> Exercise objective
The expected answer is the data below, printed verbatim without its pictures.

#### Collected material

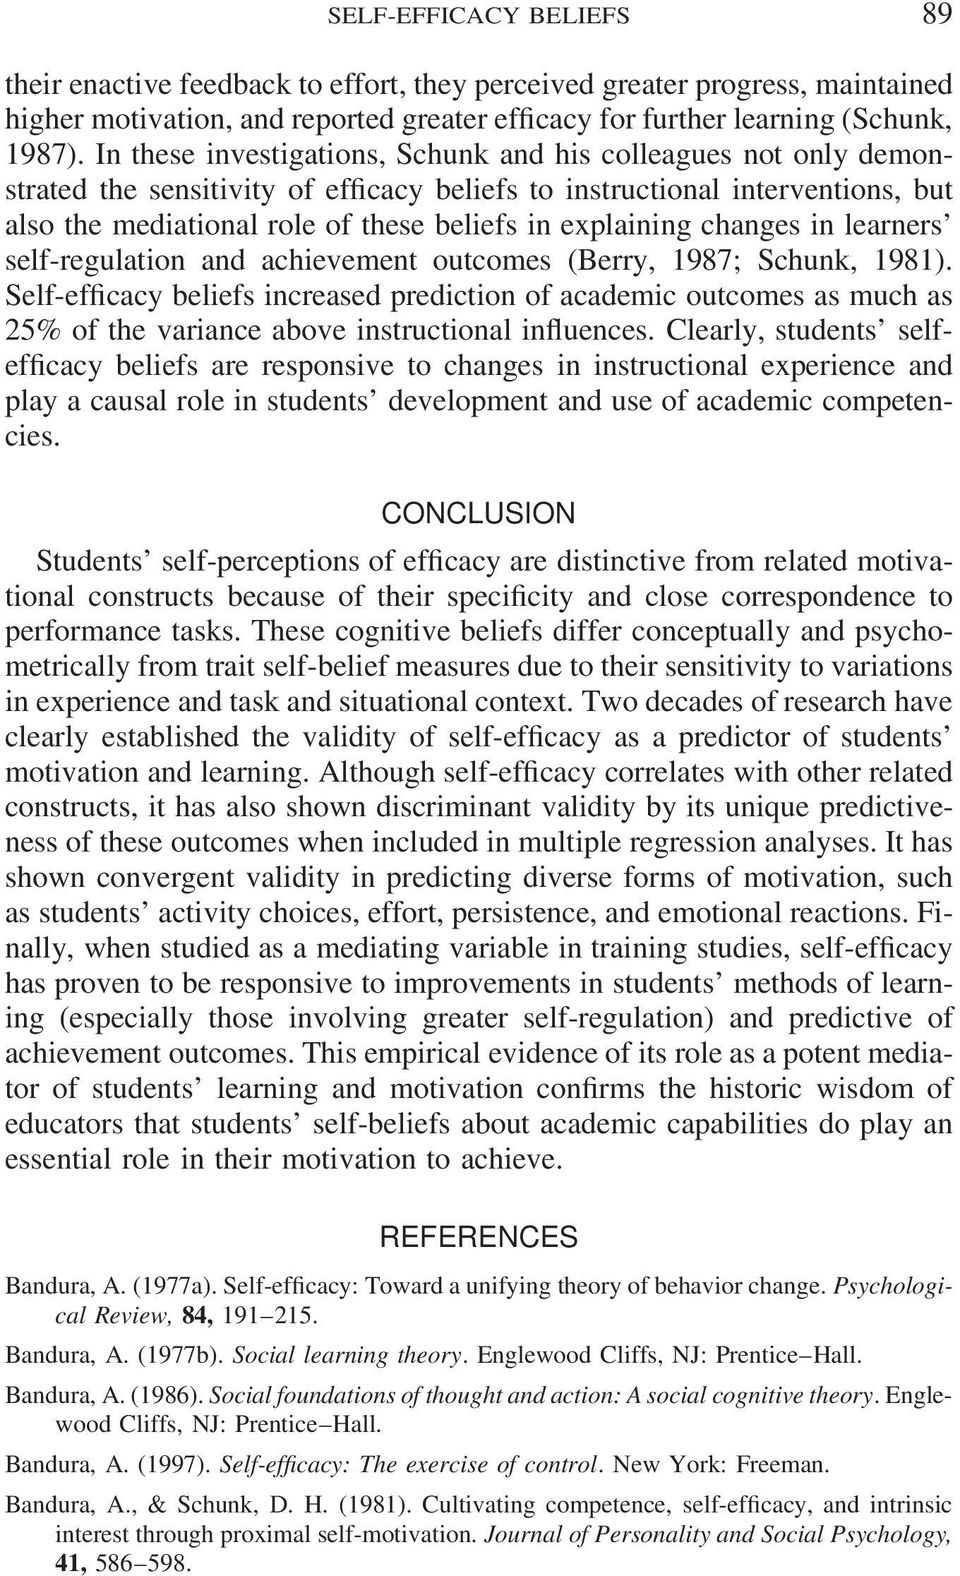 explaining changes in learners self-regulation and achievement outcomes (Berry, 1987; Schunk, 1981).
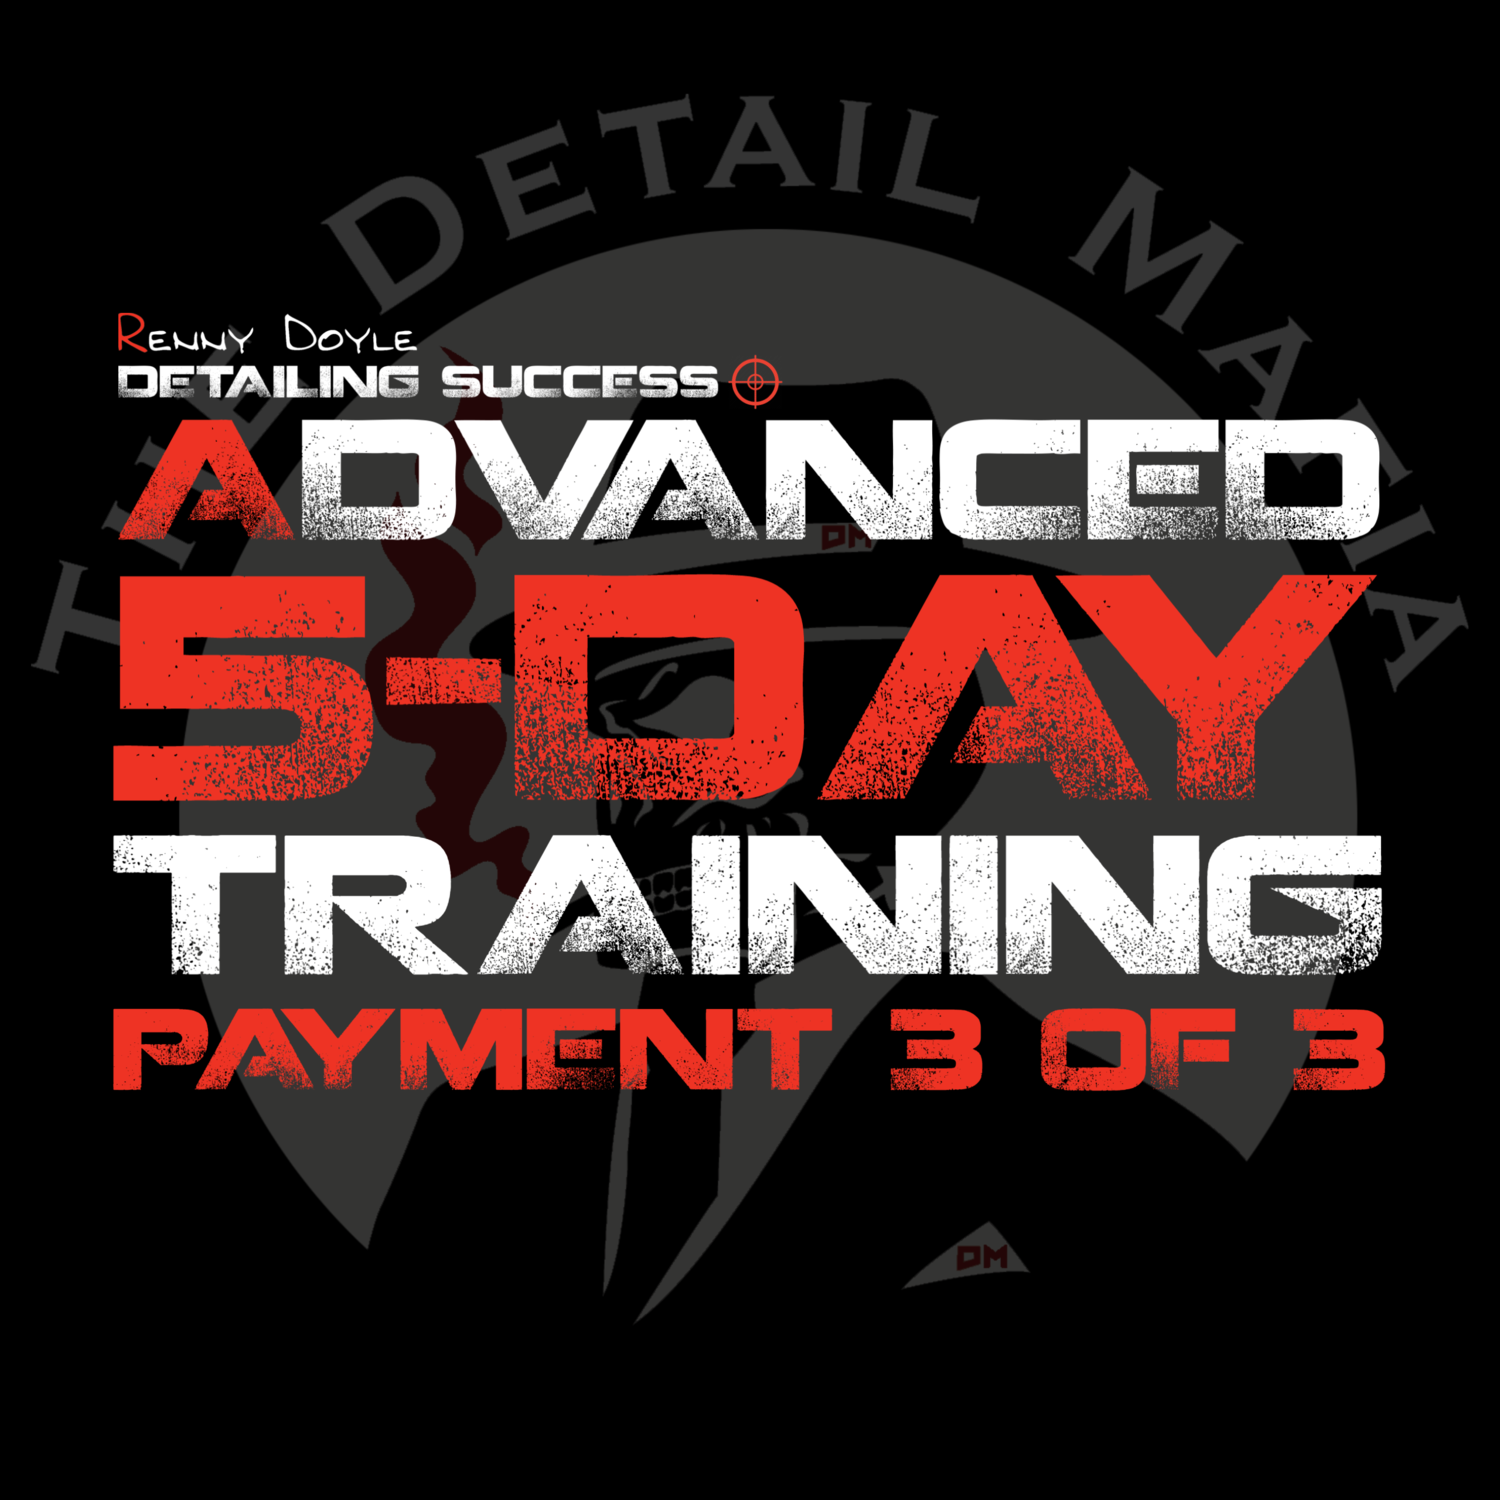 Advanced 5-Day Training 3rd Payment 2022/2023
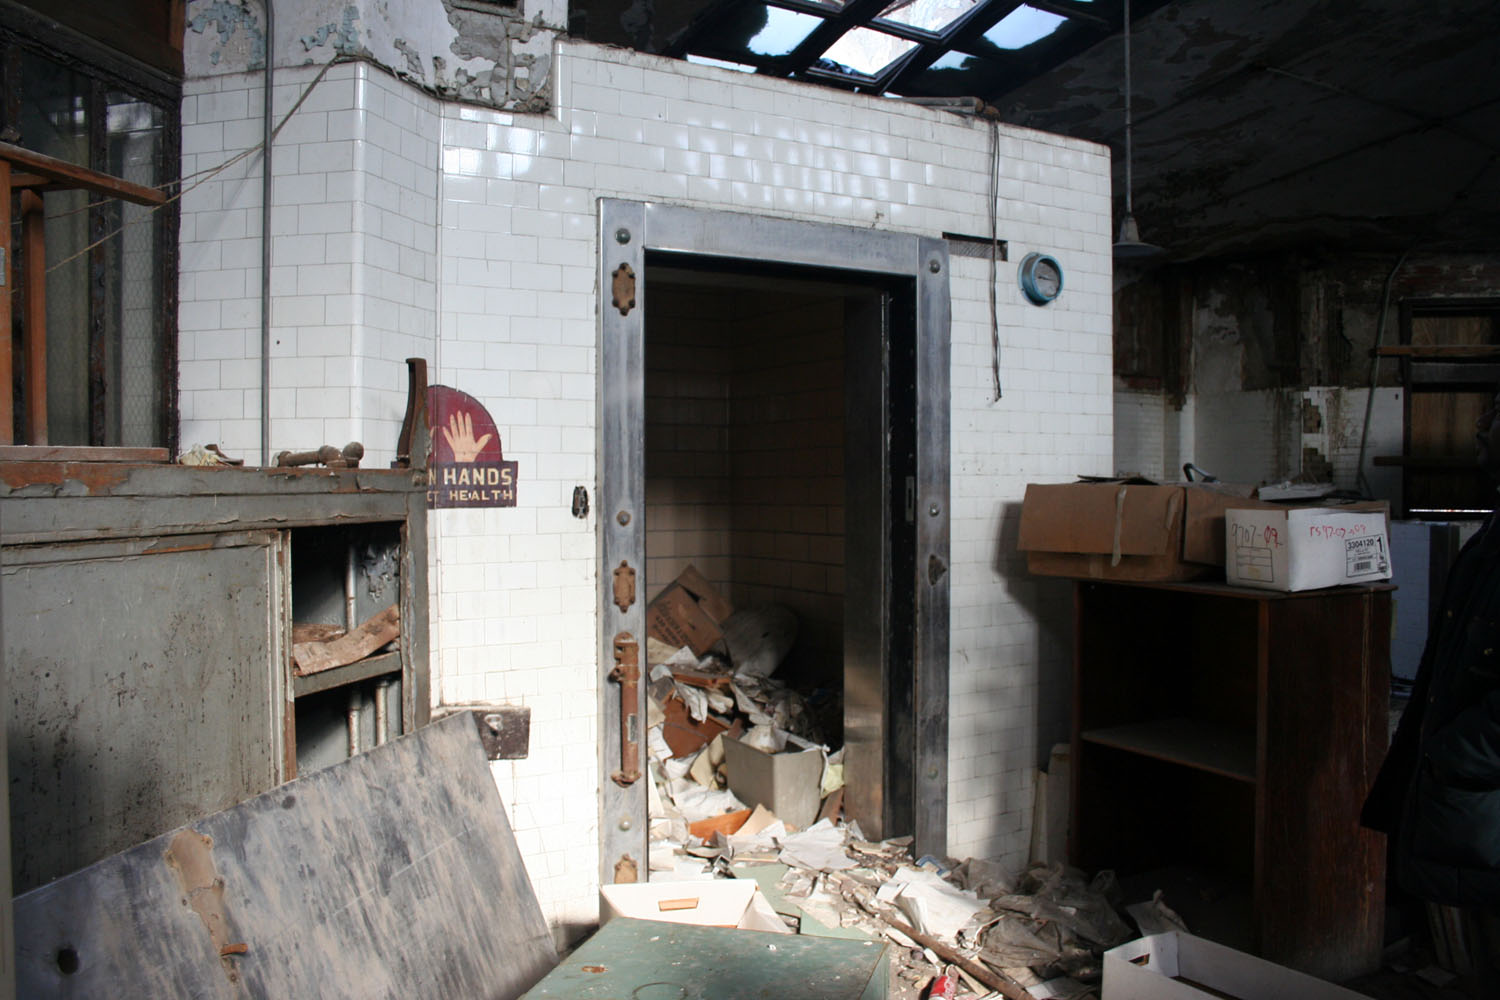 The Old Kitchen at Sea View Hospital

########

> Answer to the exercise
 explaining changes in learners self-regulation and achievement outcomes (Berry, 1987; Schunk, 1981).
 Advanced 5-Day Training 3rd Payment 2022/2023
 The Old Kitchen at Sea View Hospital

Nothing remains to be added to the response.